My favorite lopping was the one where Ludwig gets swept up into a tornado and the pictures show him completely vanished in the dark funnel, except for his hand, which reaches out of the dark funnel as if grasping for help, and below are all sorts of bad ways in which to lop a hand off—axes and and wolves and meat grinders—and you, as the reader, are wondering which one of these he is going to fall on, until the last page, whereupon he gets tossed by the tornado into the propellers of an airplane in the sky, thusly buzzing the hand from his arm, which drops from the sky and falls into the meat grinder, gets ground up, eaten by the wolves, who in turn get chopped up with the axes by big white lumberjacks who, it is intimated, get a nice wolf stew going.
I always thought that was creative the way that all came together.
My sister would say nah to that.
She always said the best part was how at the very end of the book, in the last chapter, you get to see all the versions of Ludwig’s hands together in a house they all live in.

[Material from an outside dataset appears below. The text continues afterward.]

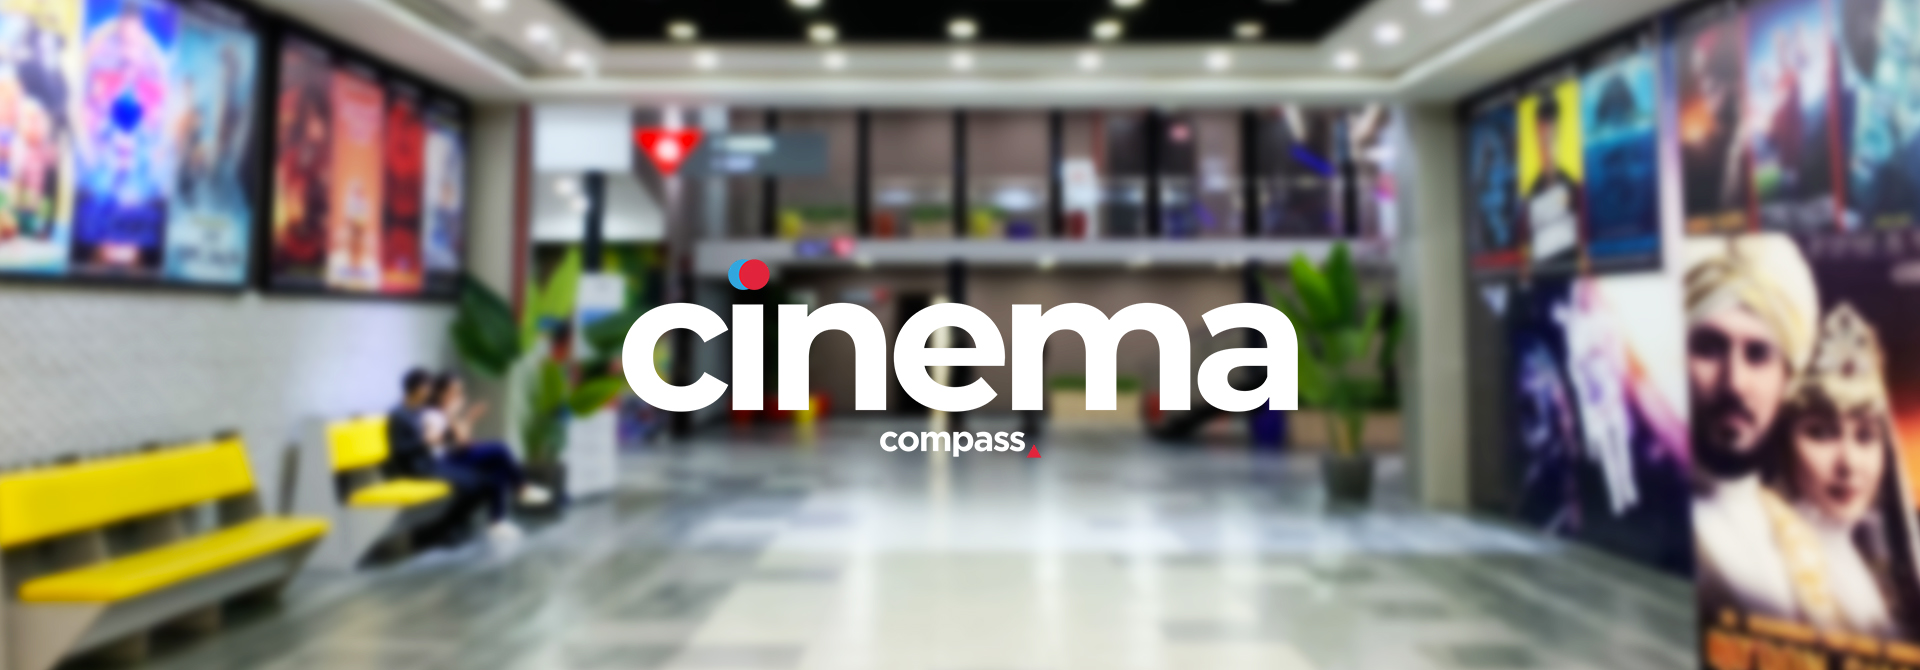 Кинотеатр «Compass Cinema- Малый зал 5» в Ташкенте - расписание фильмов, афиша кино, адрес, телефоны и другие контакты

All the differently chopped off hands living together like a family or, at the very least, friends who go in on the rent and live together and who sometimes get on each other’s nerves but at the end of it all they are friends and what are you going to do, right?
My sister liked the idea of the hands living together and them all feeling sad they were not with Ludwig.
Because he was feeling sad he was not with them too.
Irony! she’d wail.
It’s like this: all these little weird chopped up hands crying with big cartoonish tears in their eyes over the boy they are no longer attached to. And yet: here they are together, without the boy, but with each other, feeling the same pain and grief, and just because they are feeling it differently, because the size and shape of their wounds do not correspond, does not mean for one second that the feeling of loss that radiates in them is actually any different.
Neither my sister nor I are children anymore, and Ludwig’s Hands is only a piece of art for children to look at and be amused by I know, yet I am very sad that I have lost that book.